In summary, the repurposing of thalidomide for multiple myeloma exemplifies a successful strategy in drug repurposing, demonstrating how existing medications can be leveraged to provide effective treatments for challenging diseases. The insights gained from thalidomide's clinical use and its mechanisms of action have not only improved patient outcomes but have also paved the way for further research into similar therapeutic strategies in the management of MM and potentially other malignancies [23].

4.2 Antiviral Drugs for COVID-19

Drug repurposing has emerged as a crucial strategy in addressing the urgent need for effective treatments during the COVID-19 pandemic. This approach leverages existing drugs, which have established safety profiles, to find new therapeutic applications for diseases like COVID-19. Several strategies and case studies illustrate the effectiveness of drug repurposing in the context of antiviral treatments for COVID-19.

One prominent strategy is the combination of existing drugs that target different pathways associated with the disease. For instance, a network-based approach has been proposed that combines anti-inflammatory agents, such as melatonin, with antiviral agents like toremifene. This strategy aims to mitigate the aberrant inflammatory responses while simultaneously reducing viral replication, thus addressing both the viral infection and the associated inflammatory response seen in COVID-19 patients (Cheng et al., 2020) [24].

Another significant strategy involves the repurposing of antiviral drugs that were initially developed for other viral infections. For example, remdesivir, originally designed for the treatment of Ebola virus, has been repurposed and authorized for emergency use against COVID-19. However, the clinical benefits of remdesivir have been questioned, as no significant improvements in mortality or clinical outcomes have been consistently reported (Gatti & De Ponti, 2021) [25]. This highlights the importance of ongoing clinical assessments to evaluate the efficacy of repurposed drugs.

Computational methods also play a vital role in drug repurposing.

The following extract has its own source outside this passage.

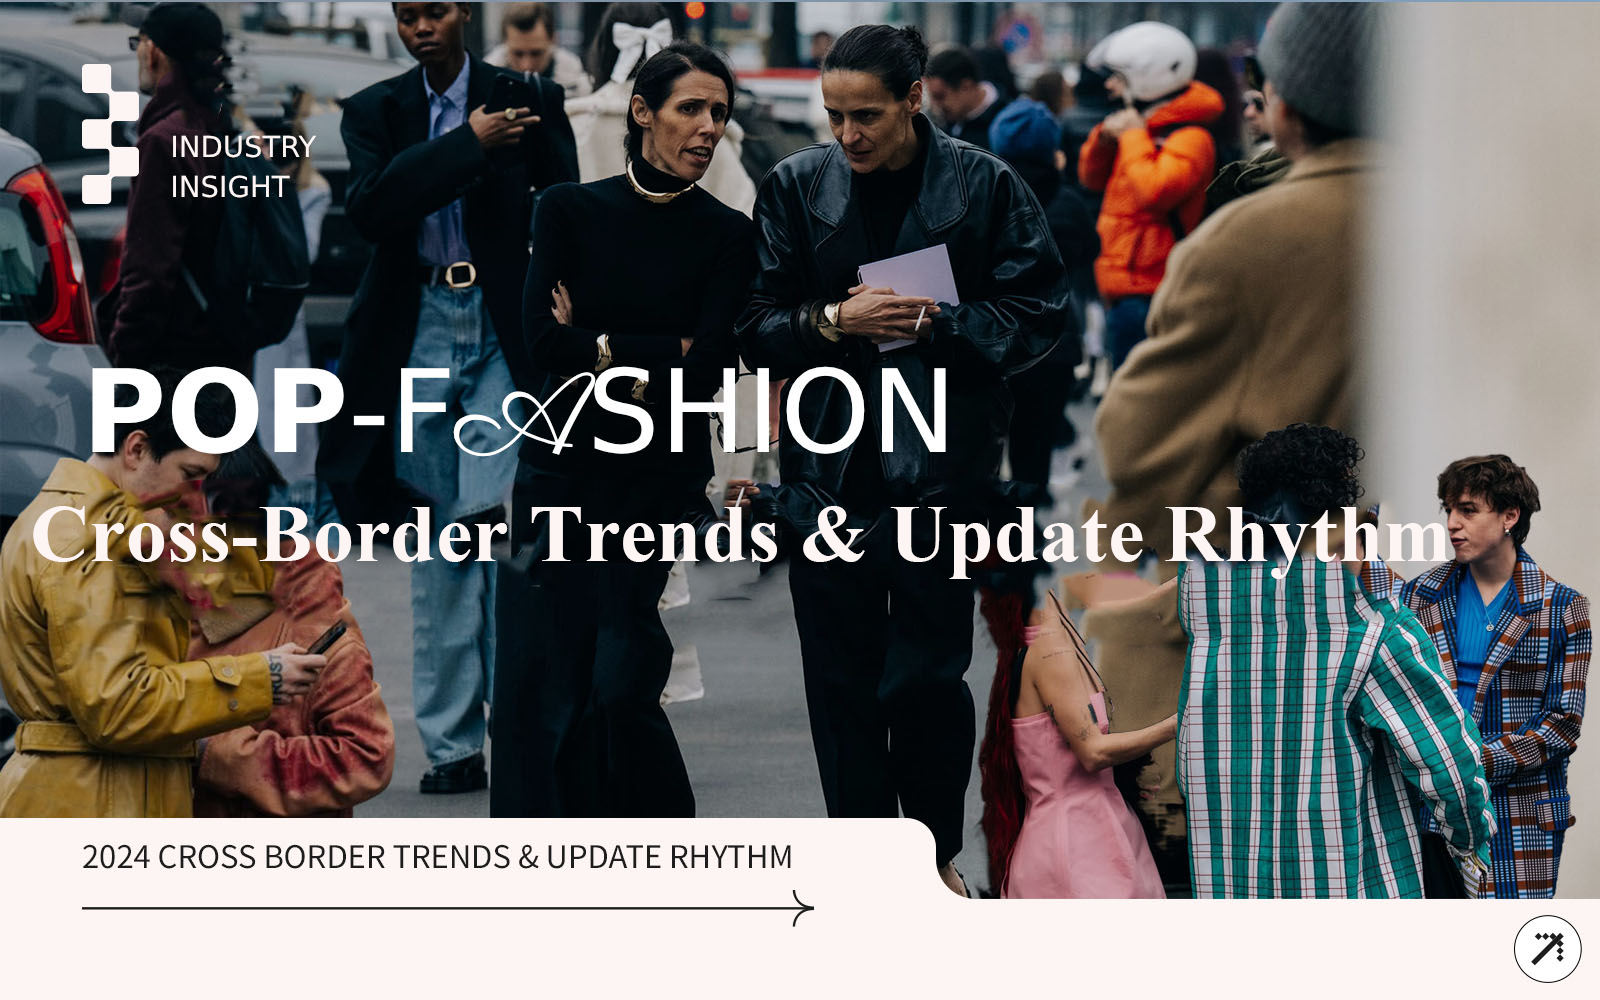 Industry Insights -- Fashion Trends & Update Rhythm in Western Countries

These methods utilize algorithms to analyze existing drug databases and predict potential new uses for approved medications. For instance, studies have shown that computational approaches can identify drugs that interact with key viral targets, such as the RNA-dependent RNA polymerase of SARS-CoV-2, which is crucial for viral replication (Mohamed et al., 2021) [26]. This method allows for a rapid assessment of drug candidates that may not have been previously considered for COVID-19 treatment.

Moreover, the integration of artificial intelligence (AI) and machine learning into drug repurposing efforts has been suggested to enhance the identification of potential therapeutic candidates. By optimizing data analysis and predictive modeling, researchers can improve the success rate of finding effective treatments (Lee & Chen, 2021) [27].

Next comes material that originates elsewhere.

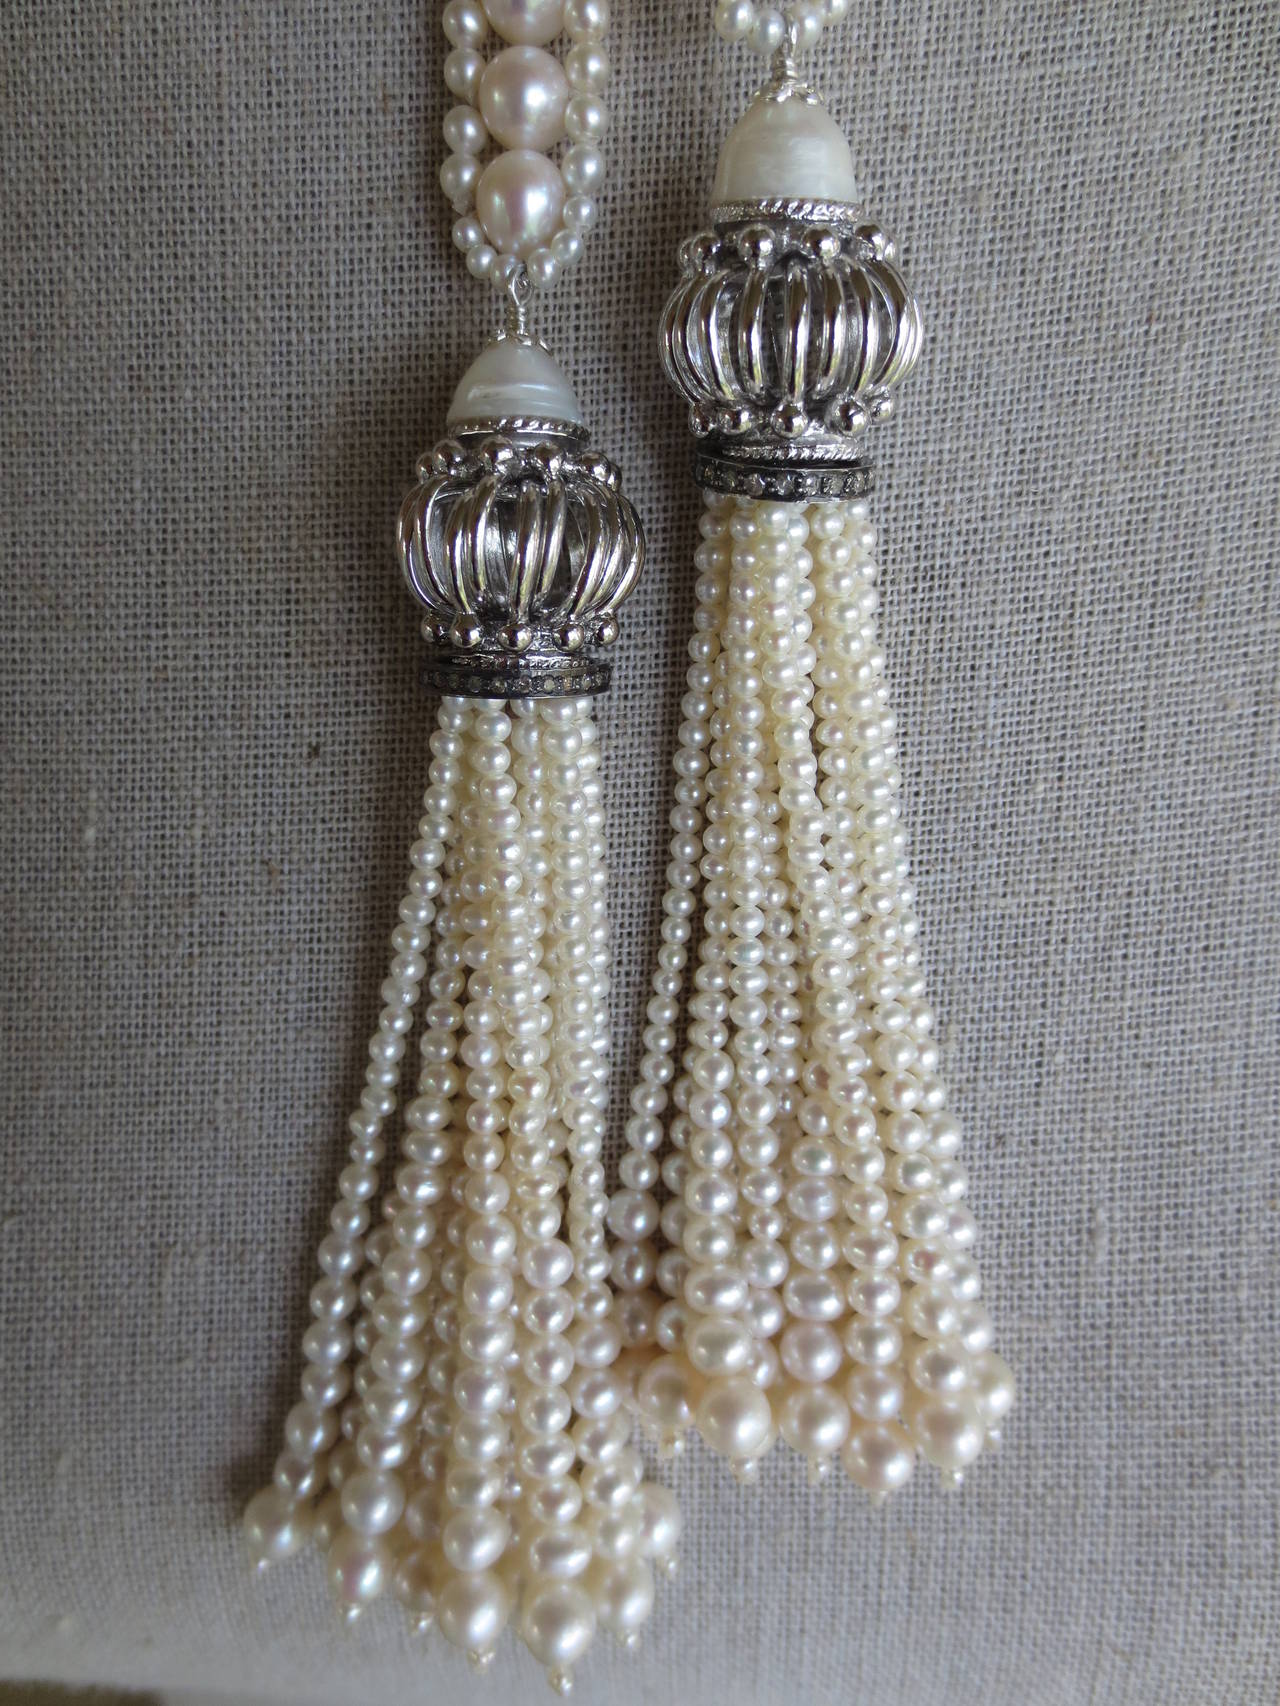 This white pearl sautoir necklace with rhodium plated silver beads and pearl tassels is reminiscent of the art deco style, with its long rope and elegant versatile design. The sautoir is made of handpicked glowing white pearls, ranging from 2 - 6.5

The importance of addressing the pharmacokinetics and pharmacodynamics of repurposed drugs cannot be overstated. For example, drugs like hydroxychloroquine and tocilizumab have shown varying degrees of efficacy against SARS-CoV-2 in clinical settings, underscoring the necessity of evaluating the safety and effectiveness of these agents (Mule et al., 2022) [28].

In conclusion, drug repurposing for COVID-19 involves a multifaceted approach that includes the combination of existing therapies, computational modeling, and AI-driven strategies. The case studies of antiviral drugs highlight both the potential and challenges of this approach, emphasizing the need for continued research and clinical trials to validate the efficacy of repurposed treatments.

4.3 Other Notable Examples

Drug repurposing, also known as drug repositioning, is a strategic approach aimed at identifying new therapeutic uses for existing drugs that have already been approved for other indications. This method has gained traction due to its potential to reduce the time, cost, and risk associated with traditional drug development. Several strategies and methodologies have emerged to facilitate drug repurposing, along with notable case studies that exemplify its success.

One prominent strategy for drug repurposing is the systematic observation of unexpected effects of drugs, which may lead to new therapeutic applications. This serendipitous discovery has been foundational in identifying potential new uses for existing medications. Additionally, there are structured approaches that involve screening previously failed investigational drugs to identify new indications, as well as systematic methodologies that integrate biological and clinical data to identify repurposing opportunities (Mittal & Mittal, 2021) [2].

The utilization of genomic data has also transformed drug repurposing methodologies. Over the past decade, advancements in biobanks that link genomic information with electronic health records have enabled researchers to explore drug-repositioning opportunities more effectively. Common strategies include Mendelian randomization and multi-omic-based studies, which leverage large datasets to identify potential drug candidates for new indications (Wang et al., 2024) [8].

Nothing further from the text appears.